Work instruction = Take each line from the entries that holds "Life" and copy it out.

** Opening Exercise materials block **

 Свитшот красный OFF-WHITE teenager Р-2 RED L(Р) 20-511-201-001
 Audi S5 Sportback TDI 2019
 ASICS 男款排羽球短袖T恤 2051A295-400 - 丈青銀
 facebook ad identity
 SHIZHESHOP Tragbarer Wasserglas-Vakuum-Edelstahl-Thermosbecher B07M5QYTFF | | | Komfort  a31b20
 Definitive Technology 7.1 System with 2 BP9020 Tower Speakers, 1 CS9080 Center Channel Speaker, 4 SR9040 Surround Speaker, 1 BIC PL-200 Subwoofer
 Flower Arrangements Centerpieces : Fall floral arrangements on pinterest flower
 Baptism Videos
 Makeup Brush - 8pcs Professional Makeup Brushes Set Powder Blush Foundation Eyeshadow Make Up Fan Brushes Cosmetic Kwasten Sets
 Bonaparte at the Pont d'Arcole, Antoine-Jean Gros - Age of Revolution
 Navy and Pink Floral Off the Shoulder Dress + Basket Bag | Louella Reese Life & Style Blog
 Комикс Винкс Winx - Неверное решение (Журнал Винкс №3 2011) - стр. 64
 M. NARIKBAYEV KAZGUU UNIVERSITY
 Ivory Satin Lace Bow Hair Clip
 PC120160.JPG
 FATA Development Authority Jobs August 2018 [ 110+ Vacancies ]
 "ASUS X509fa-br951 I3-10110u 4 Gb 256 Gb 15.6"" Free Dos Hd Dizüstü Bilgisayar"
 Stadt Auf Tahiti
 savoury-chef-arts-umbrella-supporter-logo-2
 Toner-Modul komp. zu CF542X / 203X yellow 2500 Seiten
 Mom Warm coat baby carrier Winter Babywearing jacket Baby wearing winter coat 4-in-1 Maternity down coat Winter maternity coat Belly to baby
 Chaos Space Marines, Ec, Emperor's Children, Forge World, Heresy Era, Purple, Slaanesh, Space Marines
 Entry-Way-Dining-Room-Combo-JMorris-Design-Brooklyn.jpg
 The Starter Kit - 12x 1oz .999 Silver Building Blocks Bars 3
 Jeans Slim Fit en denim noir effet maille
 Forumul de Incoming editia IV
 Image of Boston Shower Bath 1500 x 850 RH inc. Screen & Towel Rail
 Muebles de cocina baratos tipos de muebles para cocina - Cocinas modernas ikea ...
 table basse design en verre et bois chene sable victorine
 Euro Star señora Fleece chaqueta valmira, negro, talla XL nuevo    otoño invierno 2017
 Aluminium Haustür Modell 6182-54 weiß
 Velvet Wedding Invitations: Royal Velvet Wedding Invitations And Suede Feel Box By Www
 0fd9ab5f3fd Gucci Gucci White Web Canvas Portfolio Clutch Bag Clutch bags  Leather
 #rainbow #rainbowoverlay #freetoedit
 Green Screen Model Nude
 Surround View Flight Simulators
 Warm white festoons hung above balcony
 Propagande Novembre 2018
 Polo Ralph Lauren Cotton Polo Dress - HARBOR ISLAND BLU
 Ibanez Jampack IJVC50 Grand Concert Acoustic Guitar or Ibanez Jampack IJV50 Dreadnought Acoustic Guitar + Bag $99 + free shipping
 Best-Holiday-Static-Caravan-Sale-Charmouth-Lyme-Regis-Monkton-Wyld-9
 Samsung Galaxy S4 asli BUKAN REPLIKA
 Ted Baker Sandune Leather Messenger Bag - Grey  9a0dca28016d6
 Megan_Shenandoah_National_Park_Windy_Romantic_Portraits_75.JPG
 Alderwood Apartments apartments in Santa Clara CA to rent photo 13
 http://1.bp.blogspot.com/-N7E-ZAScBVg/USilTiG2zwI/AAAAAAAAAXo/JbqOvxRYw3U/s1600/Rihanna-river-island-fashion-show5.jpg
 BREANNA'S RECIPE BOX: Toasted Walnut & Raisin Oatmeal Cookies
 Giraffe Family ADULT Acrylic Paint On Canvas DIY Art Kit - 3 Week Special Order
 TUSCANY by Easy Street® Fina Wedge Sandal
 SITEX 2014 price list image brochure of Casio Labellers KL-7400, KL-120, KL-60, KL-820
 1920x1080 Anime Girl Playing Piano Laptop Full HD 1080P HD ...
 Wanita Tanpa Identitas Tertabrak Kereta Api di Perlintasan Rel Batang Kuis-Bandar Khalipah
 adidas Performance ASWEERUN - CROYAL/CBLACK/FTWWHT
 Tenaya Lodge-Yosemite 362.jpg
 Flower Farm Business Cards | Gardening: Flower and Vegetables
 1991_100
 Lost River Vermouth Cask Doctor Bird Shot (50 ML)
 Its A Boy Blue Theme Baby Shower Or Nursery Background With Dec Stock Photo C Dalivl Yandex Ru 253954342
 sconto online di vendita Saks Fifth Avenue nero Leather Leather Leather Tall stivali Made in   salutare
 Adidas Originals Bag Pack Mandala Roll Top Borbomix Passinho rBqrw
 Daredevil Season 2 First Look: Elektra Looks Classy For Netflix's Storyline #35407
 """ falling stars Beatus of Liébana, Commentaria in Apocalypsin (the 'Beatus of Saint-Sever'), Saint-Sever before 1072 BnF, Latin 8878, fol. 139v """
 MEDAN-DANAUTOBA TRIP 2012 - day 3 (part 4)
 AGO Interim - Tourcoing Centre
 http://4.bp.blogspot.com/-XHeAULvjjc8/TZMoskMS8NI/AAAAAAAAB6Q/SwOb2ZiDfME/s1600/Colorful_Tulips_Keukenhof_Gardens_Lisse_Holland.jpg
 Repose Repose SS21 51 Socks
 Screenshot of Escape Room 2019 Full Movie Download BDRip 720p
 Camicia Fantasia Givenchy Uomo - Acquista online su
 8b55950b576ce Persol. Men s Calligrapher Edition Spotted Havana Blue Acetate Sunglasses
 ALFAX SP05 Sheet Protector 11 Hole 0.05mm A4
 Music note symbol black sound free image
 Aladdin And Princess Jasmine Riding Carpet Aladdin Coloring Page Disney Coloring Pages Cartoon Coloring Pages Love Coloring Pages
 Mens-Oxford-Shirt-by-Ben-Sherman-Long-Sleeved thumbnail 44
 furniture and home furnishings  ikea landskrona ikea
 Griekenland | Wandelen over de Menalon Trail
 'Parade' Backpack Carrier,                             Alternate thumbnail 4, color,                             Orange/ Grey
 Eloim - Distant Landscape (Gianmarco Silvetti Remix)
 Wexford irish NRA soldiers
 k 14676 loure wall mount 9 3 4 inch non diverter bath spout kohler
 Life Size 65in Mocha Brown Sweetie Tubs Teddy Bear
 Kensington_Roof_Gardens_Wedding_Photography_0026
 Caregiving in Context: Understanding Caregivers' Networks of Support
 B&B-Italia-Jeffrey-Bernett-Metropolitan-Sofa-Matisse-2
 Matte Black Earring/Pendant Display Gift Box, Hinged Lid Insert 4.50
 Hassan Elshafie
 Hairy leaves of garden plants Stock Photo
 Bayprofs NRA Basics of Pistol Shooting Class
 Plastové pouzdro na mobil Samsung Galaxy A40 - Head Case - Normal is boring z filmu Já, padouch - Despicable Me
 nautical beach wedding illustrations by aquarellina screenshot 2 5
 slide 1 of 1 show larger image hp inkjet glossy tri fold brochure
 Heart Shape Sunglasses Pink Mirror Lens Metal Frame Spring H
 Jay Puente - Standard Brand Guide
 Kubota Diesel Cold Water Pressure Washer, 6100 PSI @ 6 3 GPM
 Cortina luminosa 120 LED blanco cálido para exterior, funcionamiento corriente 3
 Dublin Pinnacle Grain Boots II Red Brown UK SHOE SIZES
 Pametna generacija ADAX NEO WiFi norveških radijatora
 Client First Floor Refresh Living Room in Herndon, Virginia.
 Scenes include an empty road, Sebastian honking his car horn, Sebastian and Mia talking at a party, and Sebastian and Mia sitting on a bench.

** Closing Exercise materials block **

Output for this exercise =
 Navy and Pink Floral Off the Shoulder Dress + Basket Bag | Louella Reese Life & Style Blog
 Life Size 65in Mocha Brown Sweetie Tubs Teddy Bear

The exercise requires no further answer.